What does your body tell you? How do you feel about them generally? These may give you a clue what is being discussed...
 
Talking about the trauma isn't necessarily healing. There are therapists out there that seem to think if you name things and stuff it just goes away but it's far more complex.

If what she meant by "the details" was to get in the detail of how it makes you feel and have a form of concretude and connection to what happened as opposed to cold "facts", it's quite okay, even if eventually too soon. But if it feels exploitative and invasive for you then it probably is.

It happened to me that I walked out a therapy because he was just pushing me way too fast and brutally. It was just upsetting me further and didn't help at all but felt guilty, stupid, sad and enraged. He did install an atmosphere of a sort of a battle where I had to cede or something, and that did happen with another therapist too, non trauma informed. As I'm completely triggered by power struggles tell me no more I was out before I realised.

Some see you're quite detached of yourself and want you to feel the feelings, but you can't just throw your patient in those flames and hope they'll go all okay.
 
As an example?

Combat.
Rape.
Torture.
K&R.
Trafficking.
Humanitarian Aid / NGO work
Natural Disaster.
Domestic Violence.
MVAs.
Stalking.

Now. From that incomplete list of facts from my life... tell me how I’m affected by them, and why. 😁

If you can’t, maybe something easier, and just list out which ones cut me deeply with profound effect on my life, to which I really couldn’t care less about nor have their influences been felt, and the middling some effects/caring.

Probably can’t do that, either, right? And if you tried, you’d probably be wrong. Because we’re each of us different creatures. Even sharing the same disorder, we’re still affected differently.

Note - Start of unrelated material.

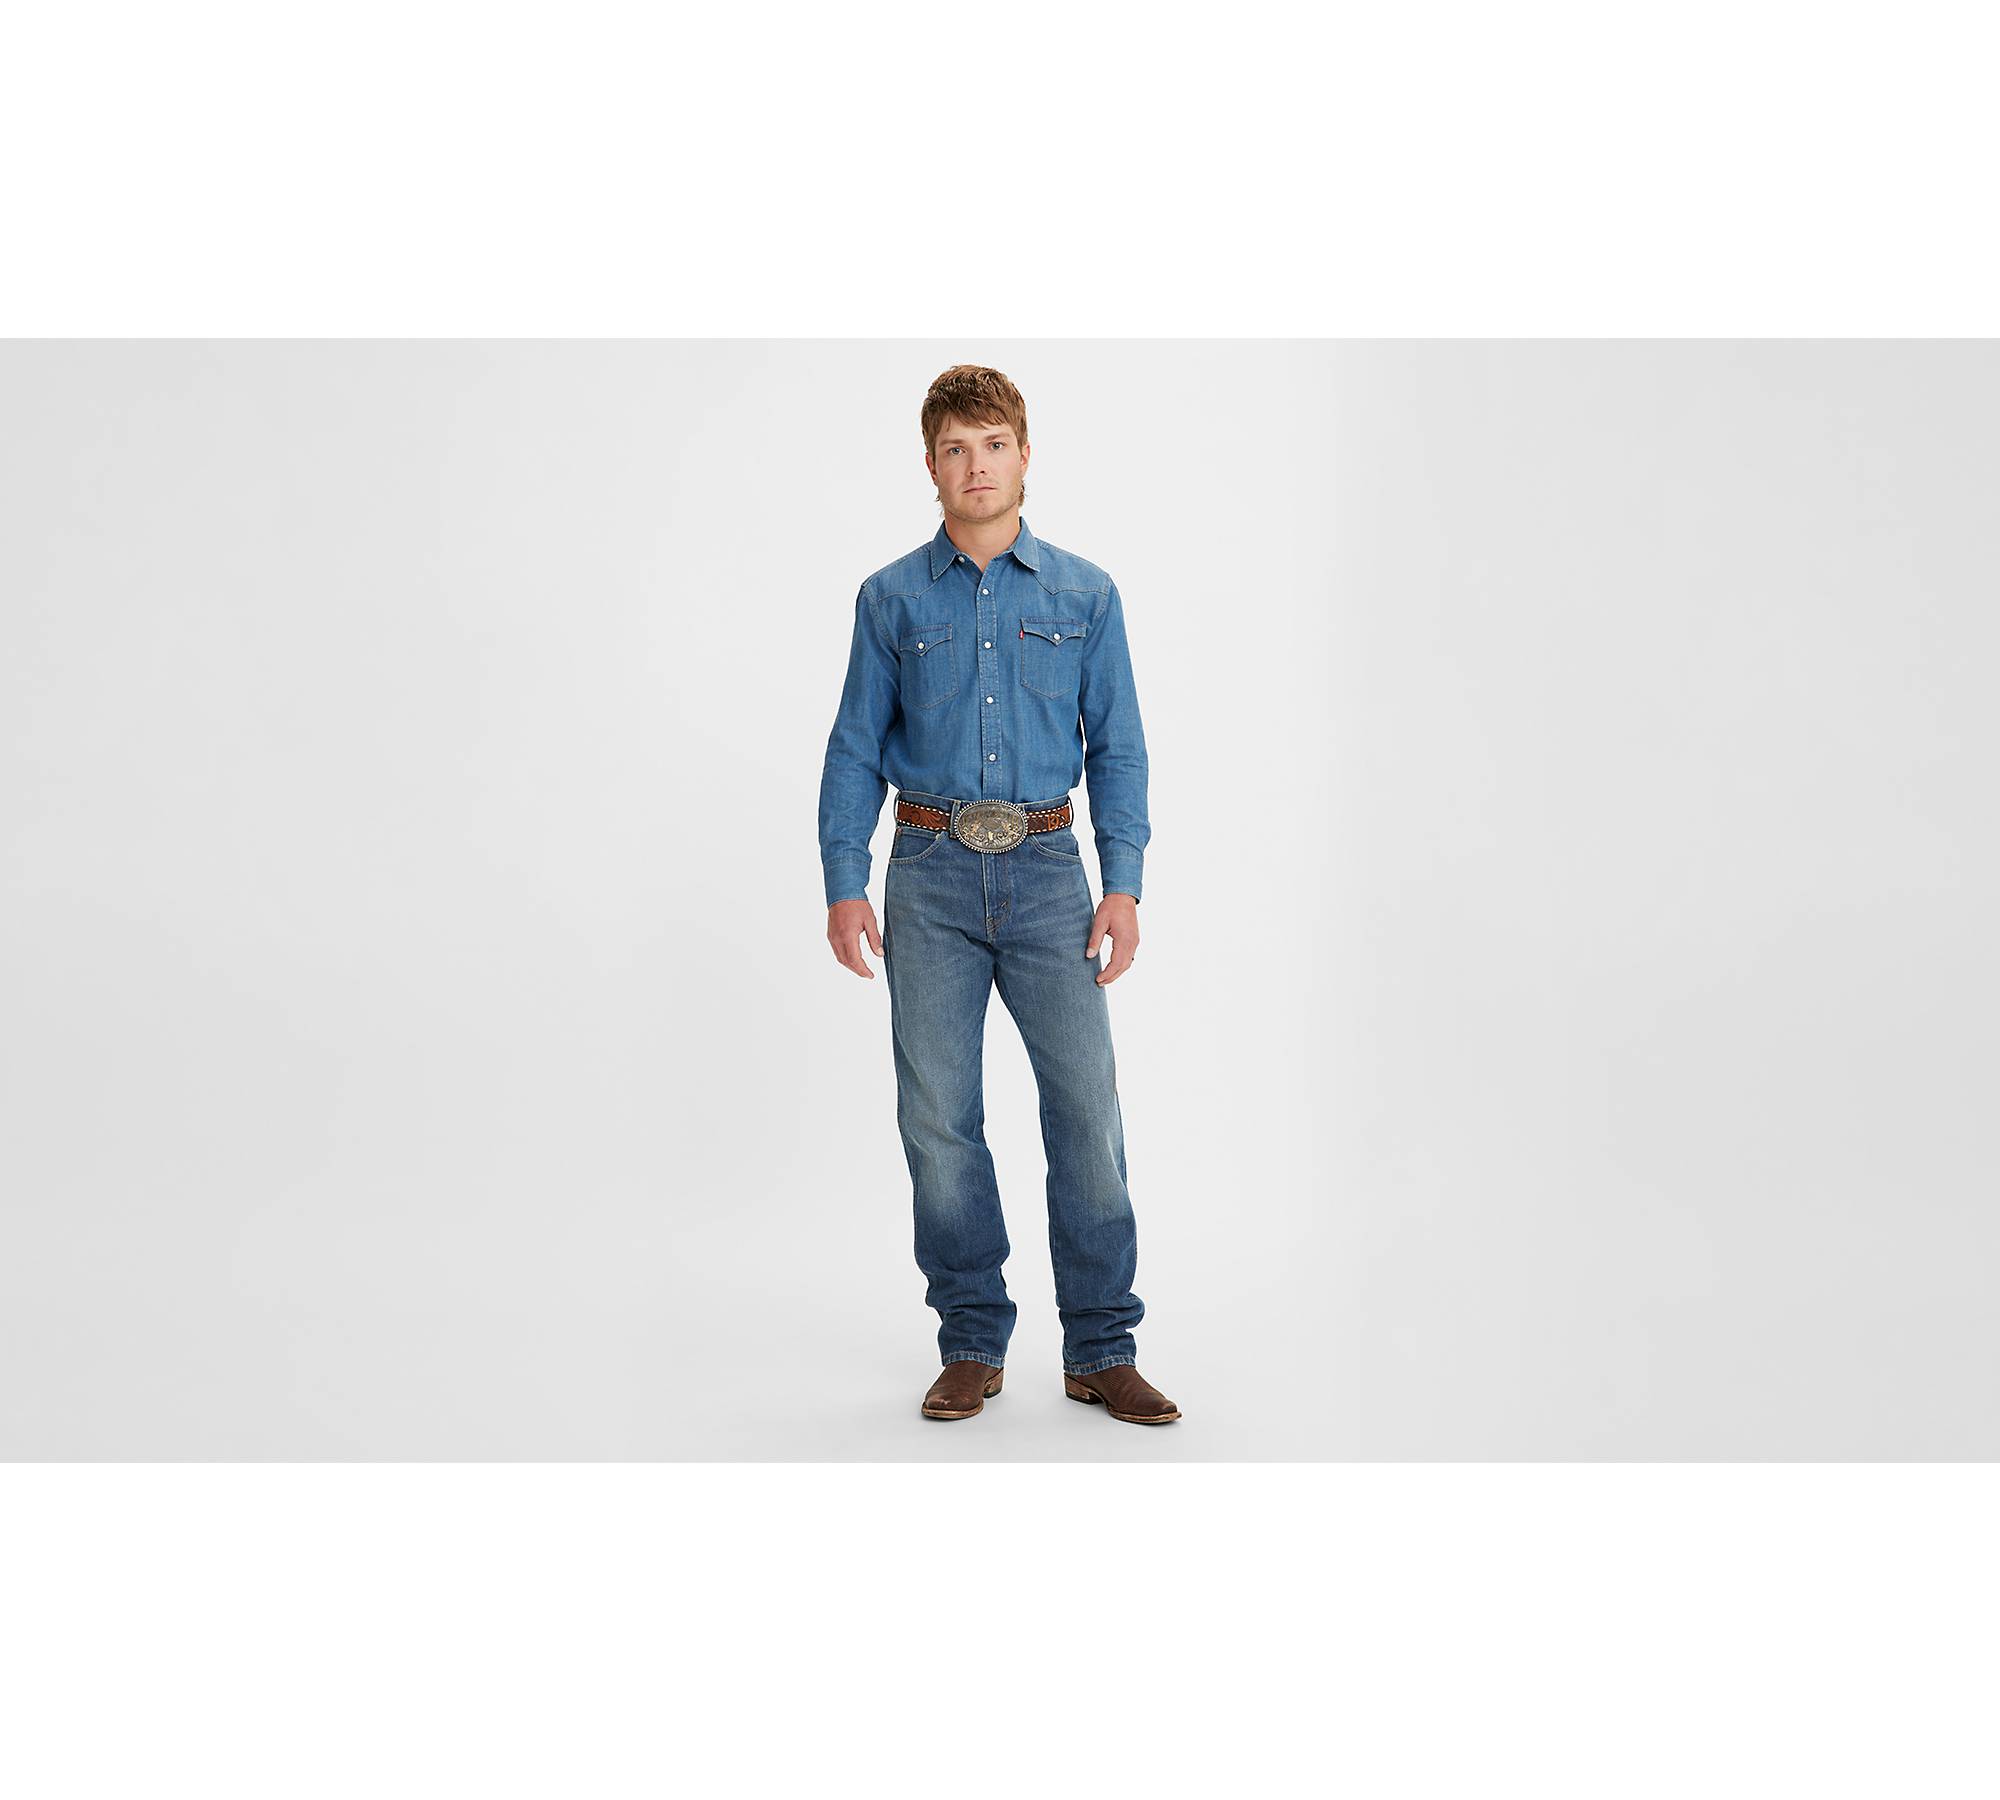 Wear And Tear Straight Jeans - Light Wash

If you’re just listing out facts? Any decent therapist is going to be as clueless about what’s going on with you, as you undoubtedly are about what’s going on with me.

*** ETA

Even just sharing the detail that it took me about 2 years to be able to list out those things, and to this day I’ve only managed a complete list a few times? Will give a decent therapist a helluva lot of insight. What will give them even more, is if I pick the trauma set I DGAF about, tell them that, and then talk about it for a solid couple of hours... in any level of details... with a wide array of emotions attached. <<< I have to do that wih any new trauma therapist I’m working with... because a LOT of people “simply” shut off their emotions / disassociate entirely from it, and can talk in great depth and detail (and diversion) about their trauma history. So I straight up tell them to put me through my paces, on it, so we can check it off the list. Totally open to finding any touchy or trouble spots... but to date? We never have. That’s one of the GLORIOUS things about fully processed trauma. It’s like talking about anything else.